John Reynolds

HUGH FOSTER

Jorge Luis Borges has written somewhere that the aesthetic is a moment when we sense that we are about to understand something, but never quite do. It is in the spirit of this insight that John Reynolds has evolved his recent canvases, shown at 100m2 in Federal Street over the days just before Christmas. This imminence that his works convey of something just about to be revealed - allied with the imperative of a subtle involvement of the spectator in the process of enquiry - make him one of the most interesting' of the younger painters who have emerged here in the last year or two.

JOHN REYNOLDS
Protocol for an Odatisque 1980
conté and acrylic on board,
2058 mm x 3962 mm
(Auckland School of
Architecture Library)

With this group of works, executed in conté pastel on the black-primed canvas (for previous ones he used an un-primed support). he has embarked upon fields are as if engulfed by night. Starting sometimes with the Ariadne-like thread of a pregnant phrase (Reynolds is a collector of pregnant phrases) and armed certainly with preparatory, sometimes diaristic, studies, Reynolds winds himself little by little into the labyrinthine ambiguity of each work.

There is no special virtuosity about Reynolds's line. It starts out as if to make a classical formal statement of an almost Pythagorean kind, and then dwindles away, scarcely able to hold its own against the invading darkness of the ground.
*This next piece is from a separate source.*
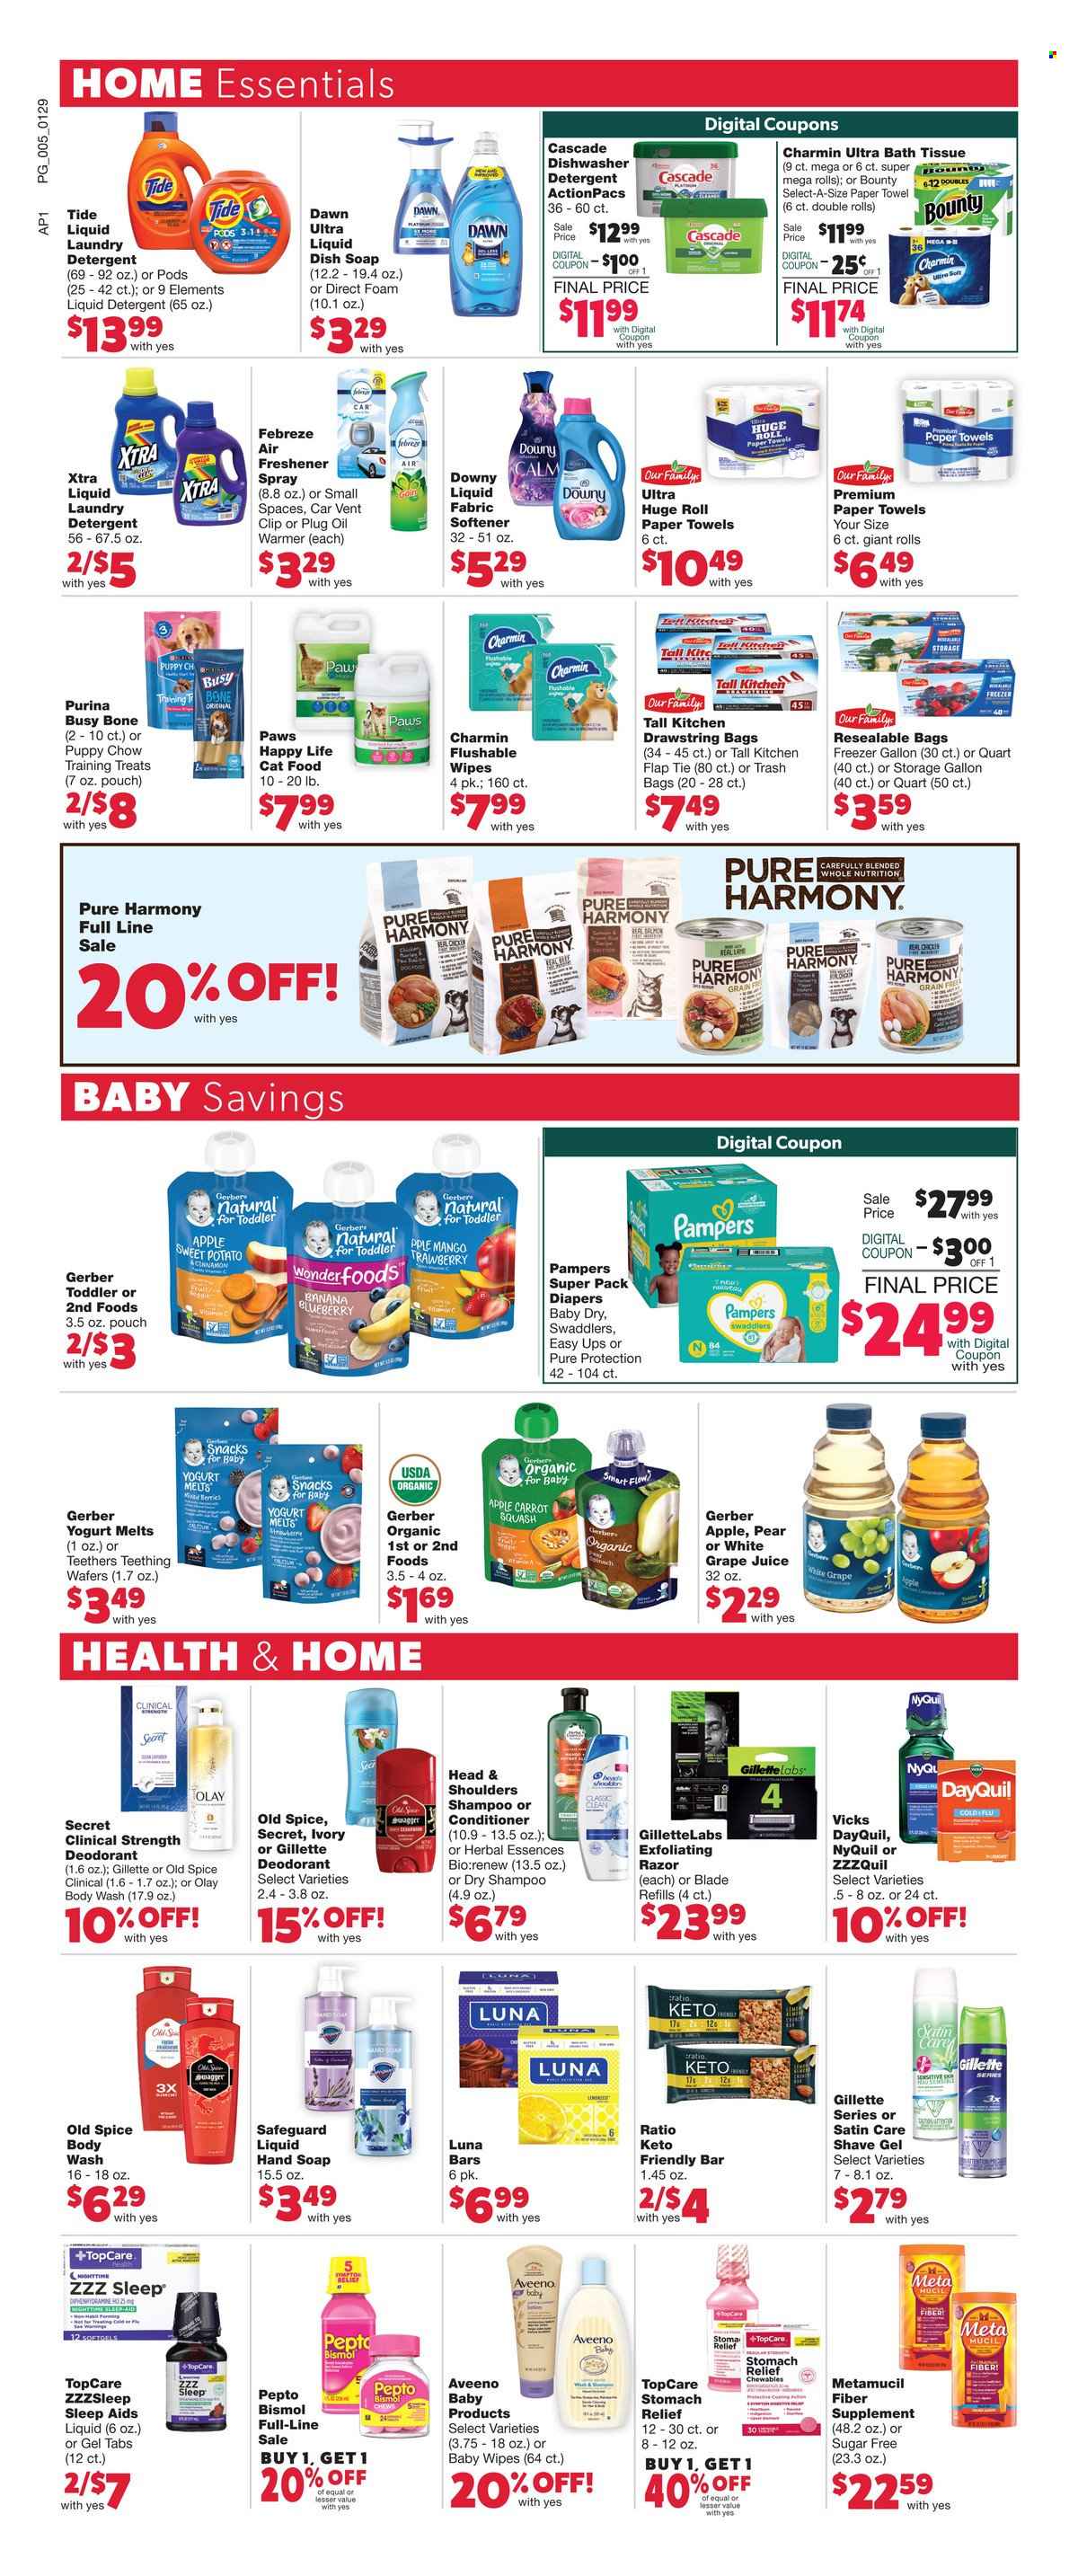 thumbnail - Family Fare Flyer - 01/29/2023 - 02/04/2023 - Sales products - pears, yoghurt, wafers, snack, Bounty, Gerber, spice, cinnamon, oil, juice, wipes, Pampers, baby wipes, nappies, Aveeno, bath tissue, kitchen towels, paper towels, Charmin, detergent, Febreze, Cascade, Tide, fabric softener, liquid detergent, laundry detergent, XTRA, Downy Laundry, body wash, shampoo, hand soap, Old Spice, soap, Olay, conditioner, Head & Shoulders, Herbal Essences, anti-perspirant, deodorant, Gillette, razor, shave gel, Vicks, trash bags, freshener spray, DayQuil, vitamin c, ZzzQuil, NyQuil, Metamucil. Page 5.
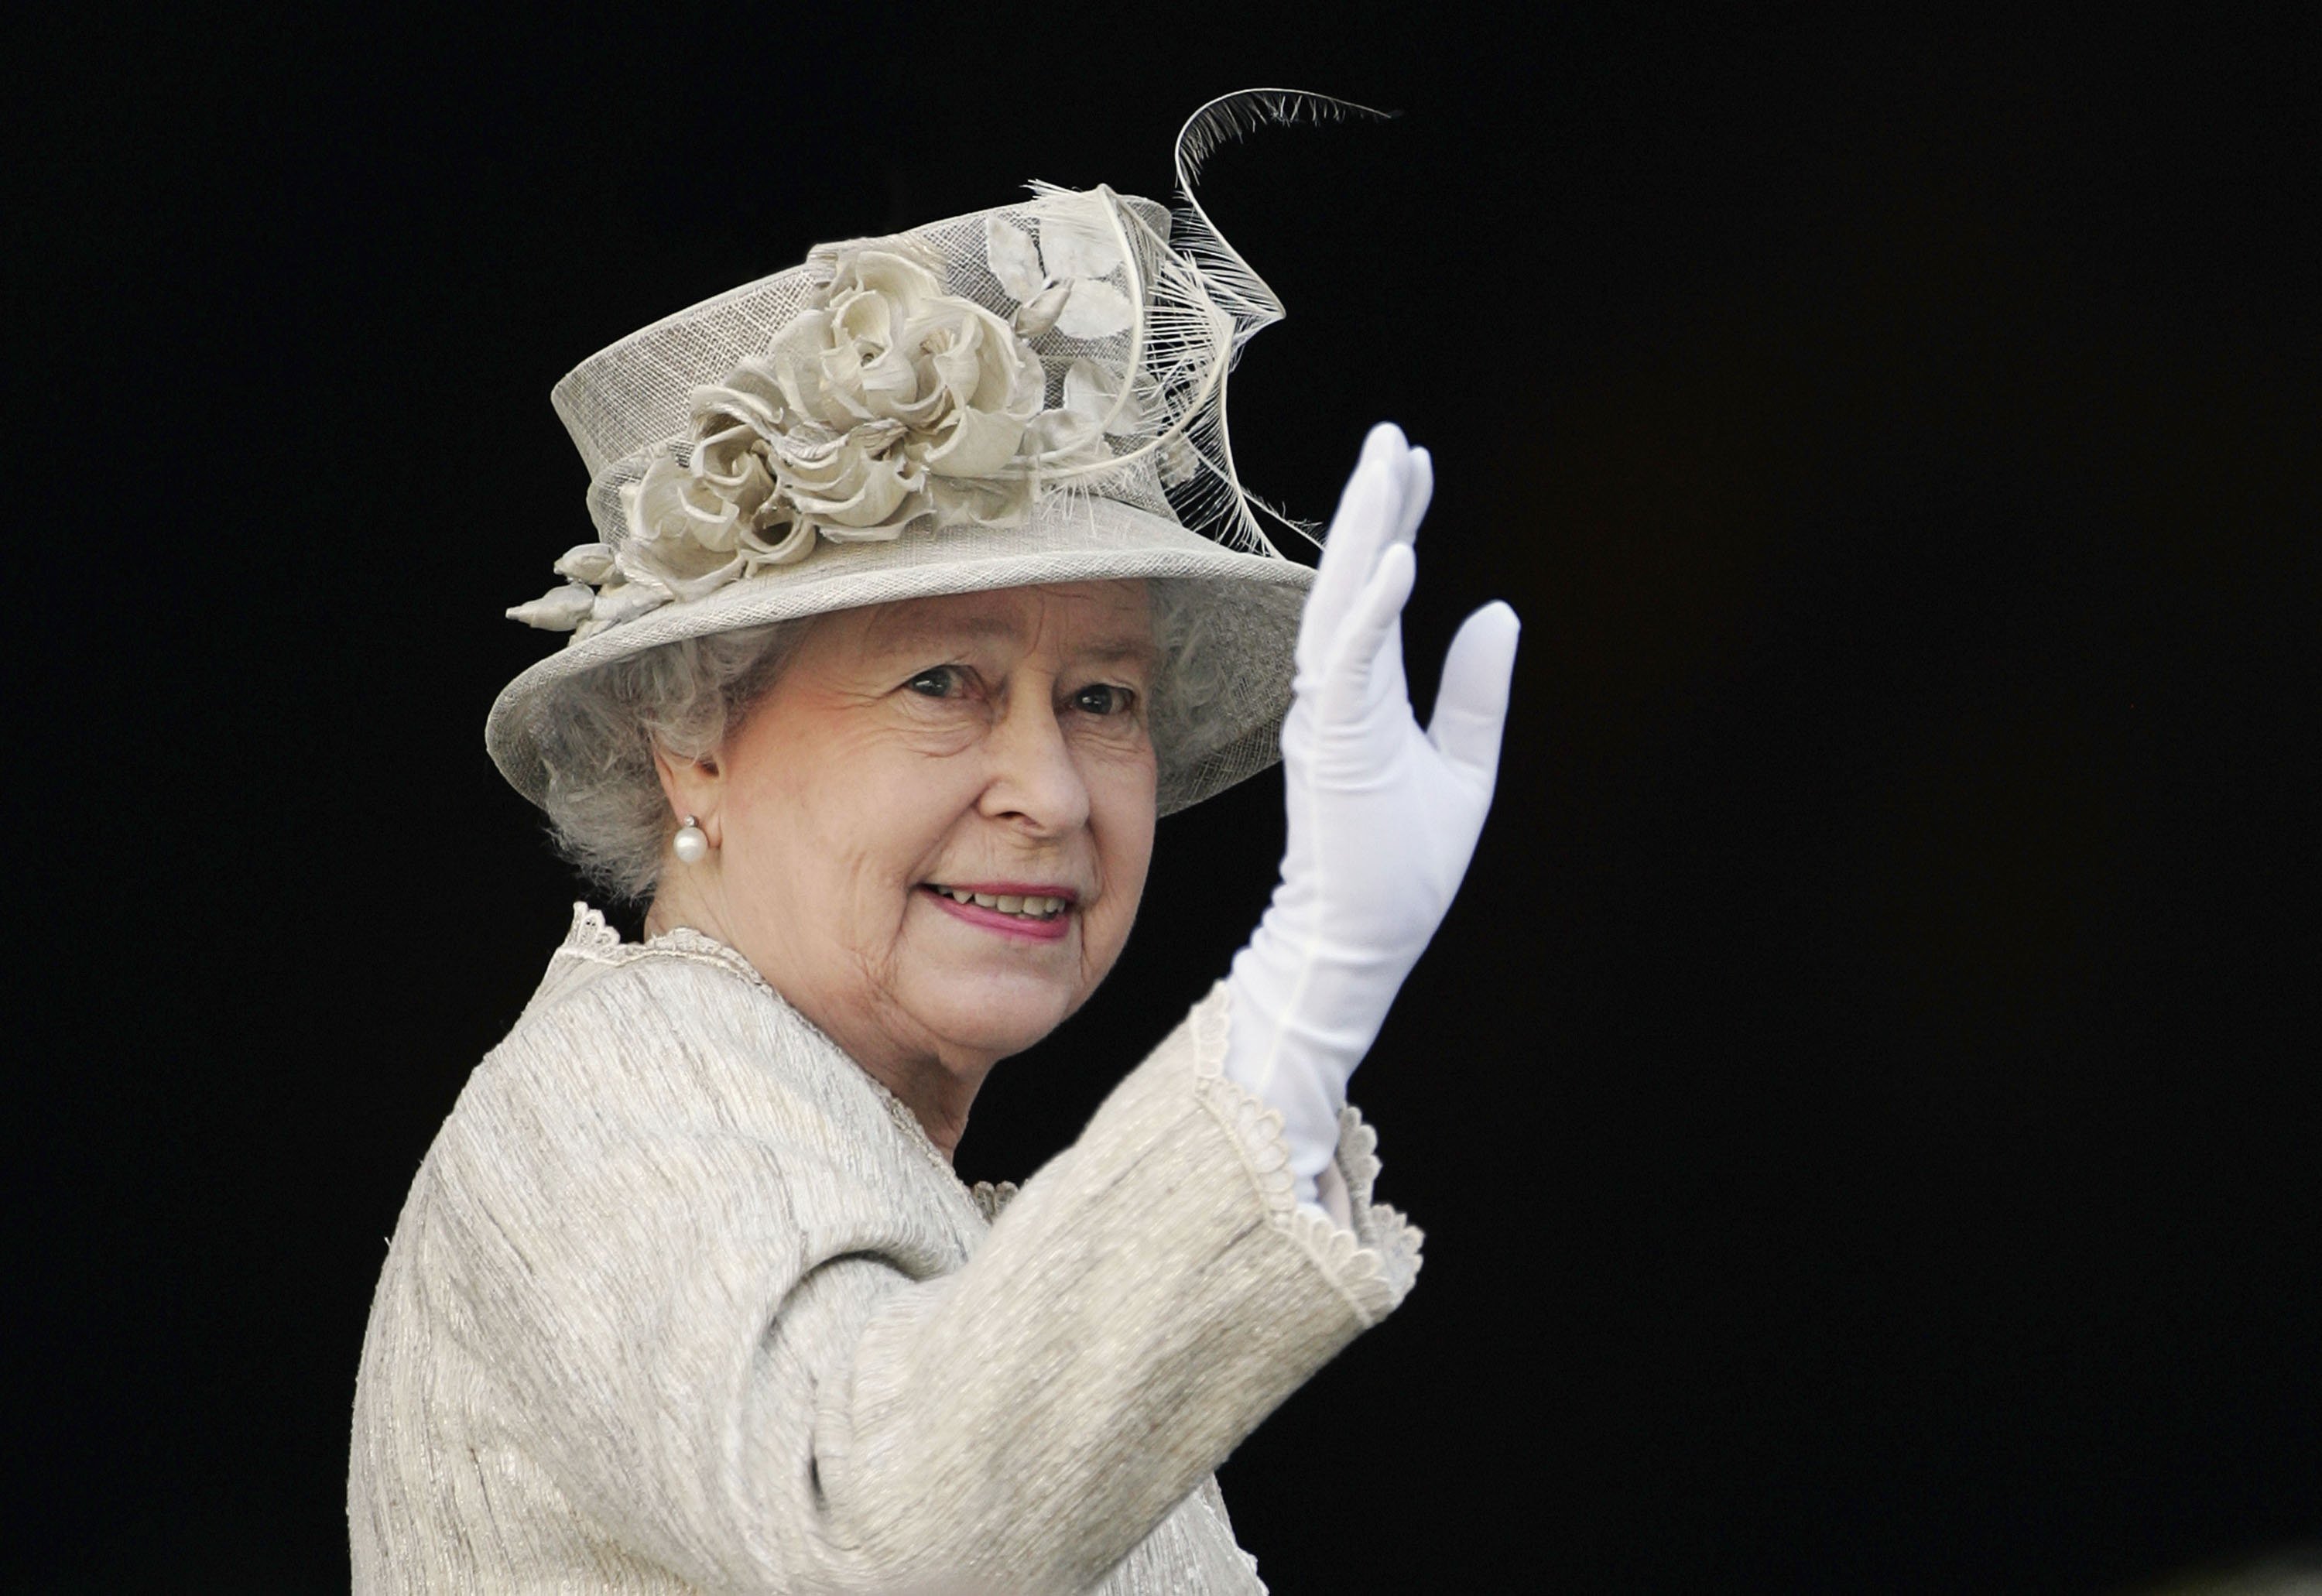 Queen Elizabeth waves while wearing a white outfit.

Stylistically his drawing seems to hover between the architectonic rulings of an AI Held and the more intuitive stop/start markings of a Cy Twombly. Unlike Twombly, however, Reynolds's line does not use tonal contrasts to suggest space. To the extent that there is space in these works it is evoked by the direction in which the line moves - its angles and curves and overlaps.

Looking at the largest of these new canvases, Protocol for an Odalisque, one is inevitably reminded of Matisse (and perhaps more obscurely of Ingres): but rather than the earlier Luxe, Calme et Volupte it is the Odalisque motif as it is seen in its latter transformations through many of Matisse's cut-outs. In Protocol for an Odalisque, however, the voluptuous forms of the classical Odalisque are replaced by the severer symbols of the ziggurat, the open fan, the flight of stairs.

JOHN REYNOLDS
Off the Shoulder Doric 1980
conté and acrylic on board,
914 mm x 914 mm
(Collection of the artist)

Off the Shoulder Doric is a simpler conception that seems to make statements about contrasts between the vertical, departures from the vertical, the triangle, and the wedge-shaped segment of a circle created by a sweeping line pivoted from a point.

John Reynolds is a painter whose future development will be well worth watching.